Squid microscope for room temperature samples

Abstract

The invention relates to a component for a SQUID microscope and to a SQUID microscope. The aim of the invention is to provide a SQUID microscope which allows the adjustment of a very small distance between the sample and the microscope tip. The invention provides a substrate that has an edge. The closed-loop track that couples the sample to the SQUID and transmits the magnetic flux is led across said edge. The two faces of the substrate defining the edge form an angle that ranges between 90 and 180°. The provision of this angle makes it possible to bring the substrate together with the closed-loop track closer to the window of a vacuum chamber than previously. The sample to be tested is disposed behind said window.

Description

The invention relates to a component for a SQUID-microscope as well as the SQUID-microscope itself.

The SQUID-microscope is commercially available. It encompasses a superconductive quantum interference detector [SQUID] with which magnetic fields can be detected with high sensitivity. The measurement signals of the SQUID represents the magnitude which is observed by means of the microscope and is evaluated. A SQUID must be operated at low temperatures which typically are about 77K.

The closed conductor path is comprised of superconductive material. Typically an yttrium barium copper oxide is used. The SQUID-element is comprised likewise of superconductive material.

The tip of a SQUID-microscope is formed by a closed superconductive conductor path.

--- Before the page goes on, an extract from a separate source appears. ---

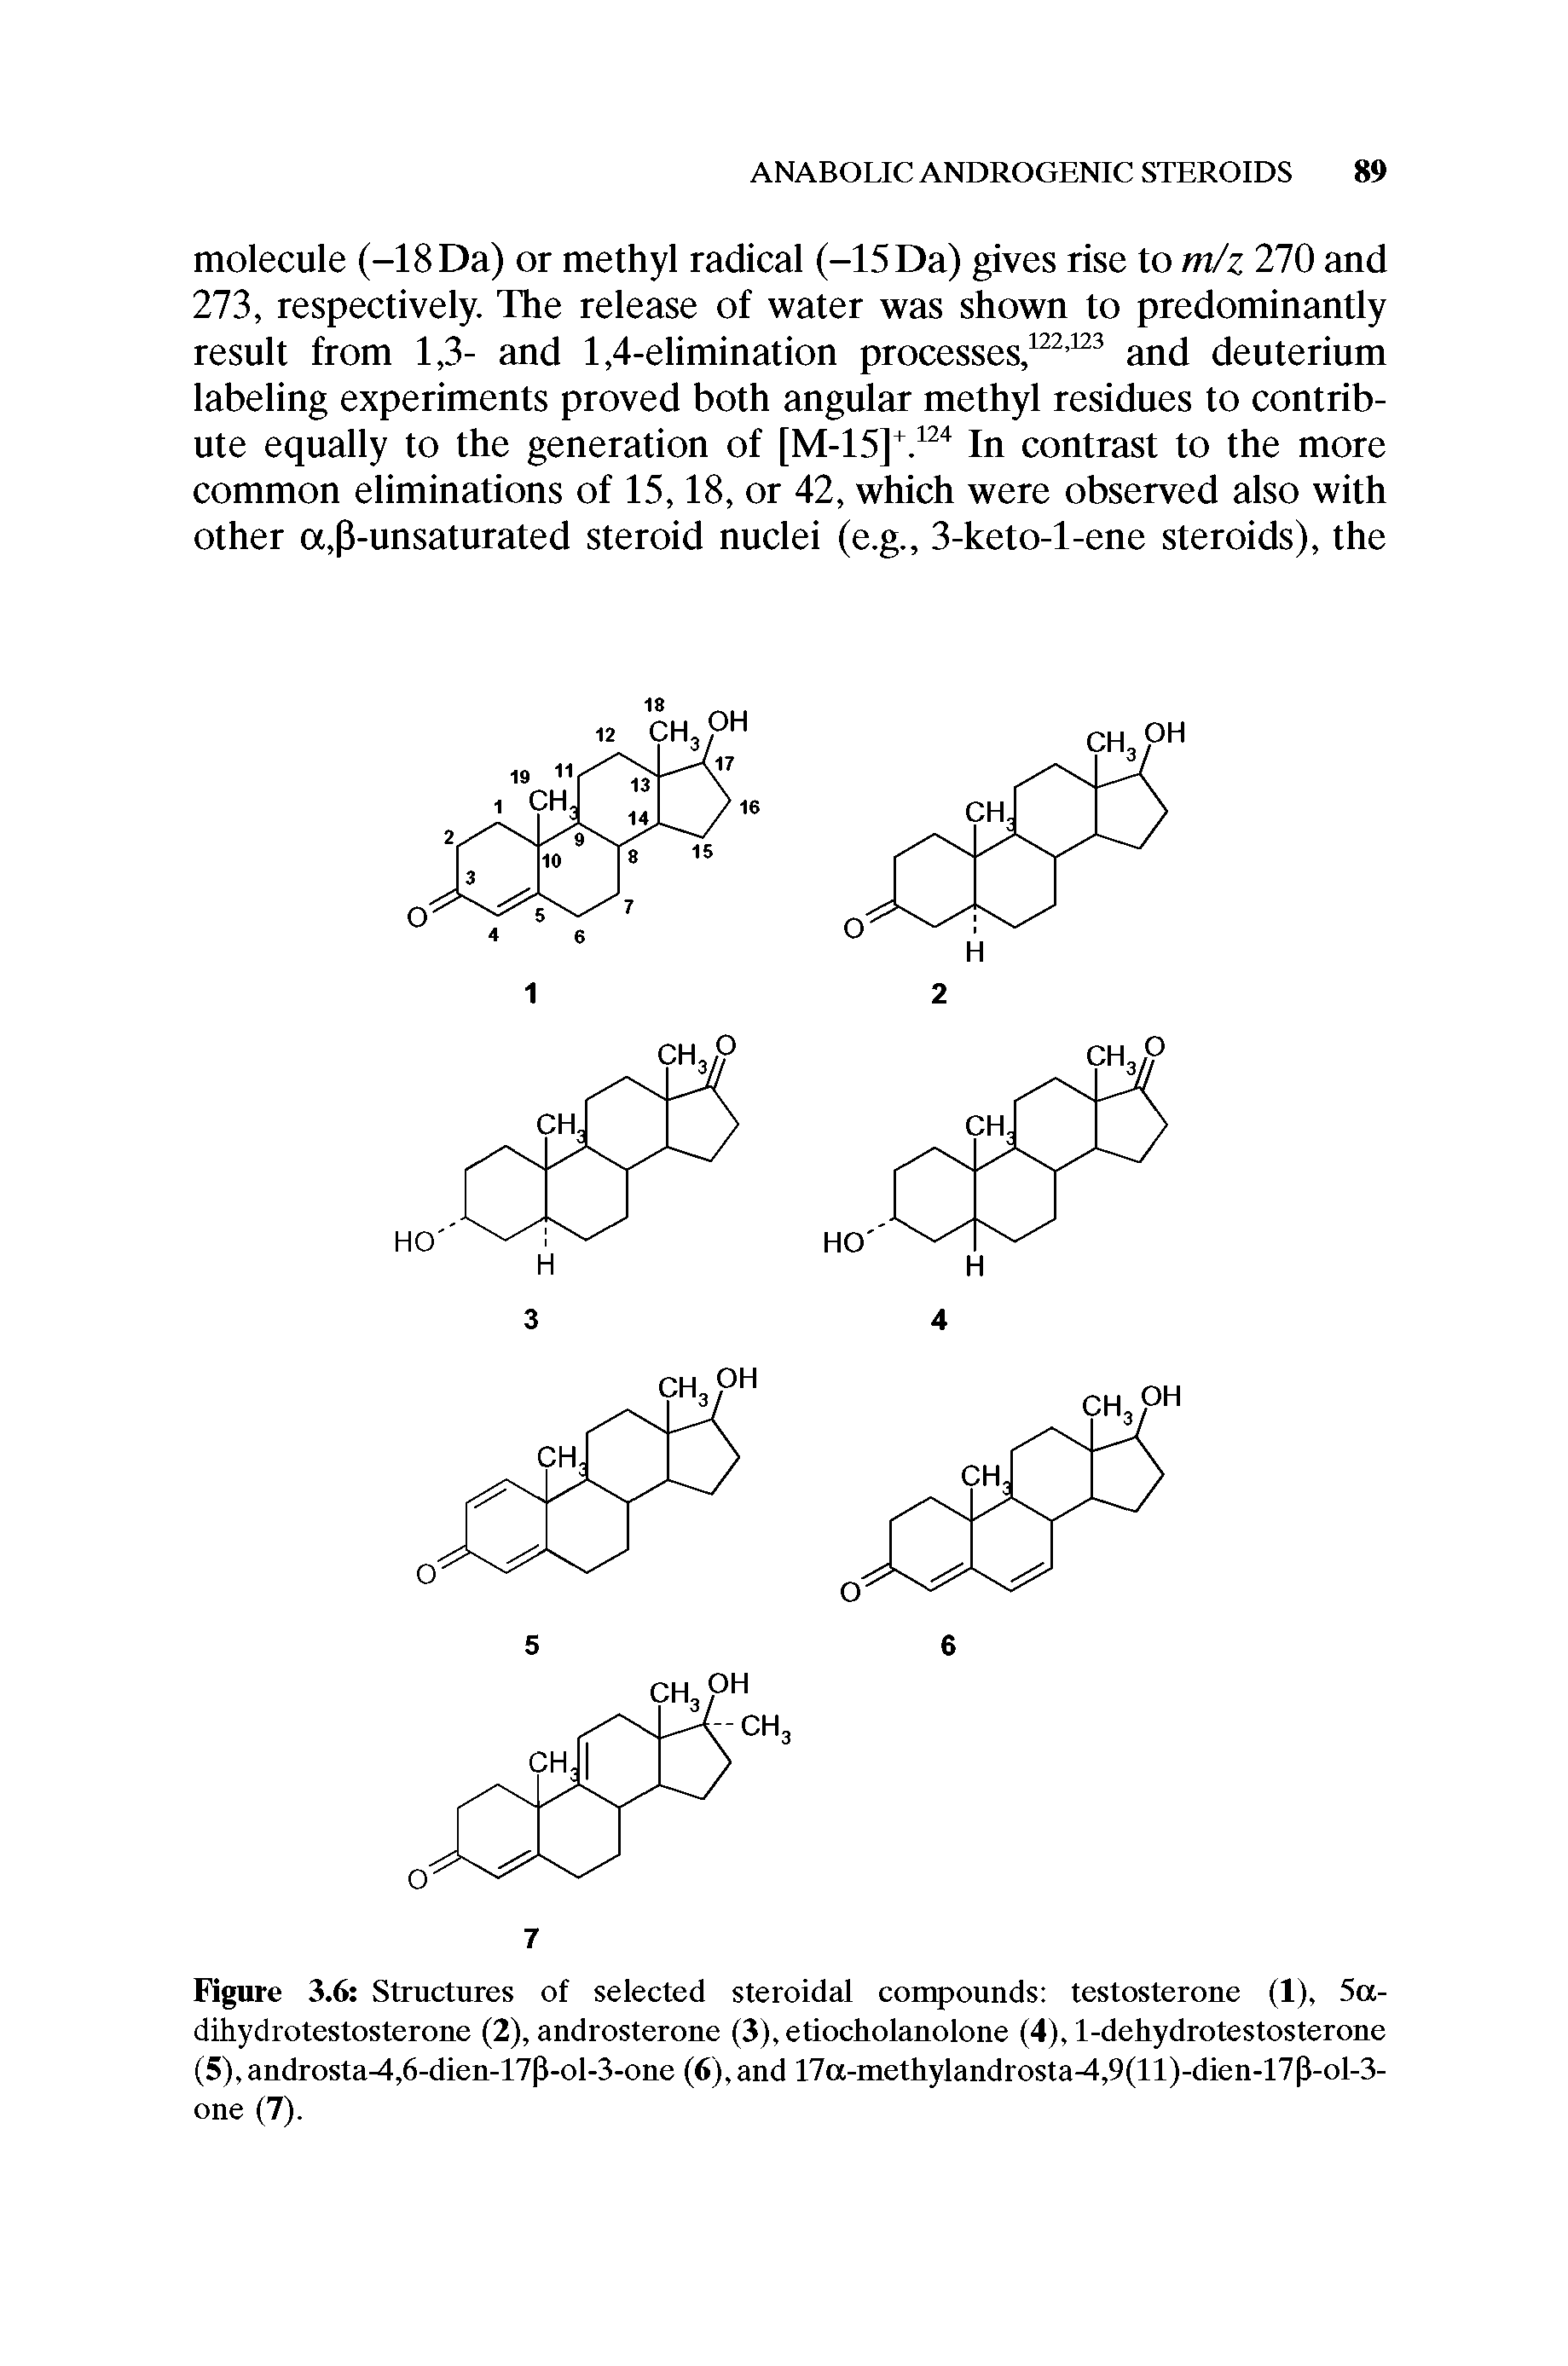 Figure 3.6 Structures of selected steroidal compounds testosterone (1), 5a-dihydrotestosterone (2), androsterone (3),etiocholanolone (4), 1-dehydrotestosterone (5), androsta, 6-dien-17p-ol-3-one (6), and 17a-methylandrosta-4,9(ll)-dien-17P-ol-3-one (7).

This is up to 150 μm thick at the end. The closed conductive path serves for the further conduction of the magnetic field of the SQUID. The diameter of a SQUID is typically 1.5 mm. A SQUID cannot therefore be used as a point or tip.

A SQUID comprises a closed conductive path with a Josephson contact [junction]. Preferred for a microscope is an rf-SQUID [radio frequency SQUID] and especially an rf-SQUID-gradiometer. An rf-SQUID-gradiometer is comprised of two closed conductive paths [tracks] with a Josephson contact. This is especially sensitive. Basically however any kind of SQUID can be used and thus also a DC-SQUID.

First, the closed conductive path used with a tip [point] serves for the further conduction of magnetic flux to the SQUID. In addition, in the case of an rf-SQUID, a tank circuit is provided so that variations in the closed conductive path of the SQUID can be measured. These variations produce variations of the voltage in the tank circuit. The mentioned voltage change is a measurement for the magnetic field to be measured.

In the case of a SQUID-microscope, the distance between the sample and the point of the microscope must be small in order to obtain good measurement results. It is however problemmatical that the tip of the microscope must have a temperature of 77° C. [should be 77K] or a lower temperature while the sample is at room temperature.

In order to realize this temperature difference, the tip of the microscope is provided in a vacuum chamber.

In order to keep the distance between the sample and the closed conductive path which serves for further conduction of the magnetic flux as low as possible, the window of the vacuum chamber has a groove, channel or cutout. The window is especially thin because of the groove, channel or cutout. Since the groove, channel or cutout is held to be very small, the thin location is not damaged by the vacuum in the interior of the chamber. Typically the window is 100 to 500 μm thick. At the bottom of the groove, channel or cutout, the thickness of the window sinks to typically 4.5 μm. The width of the groove, channel or cutout amounts in the state of the art typically to around 500 μm. With the invention, however, smaller widths can be realized.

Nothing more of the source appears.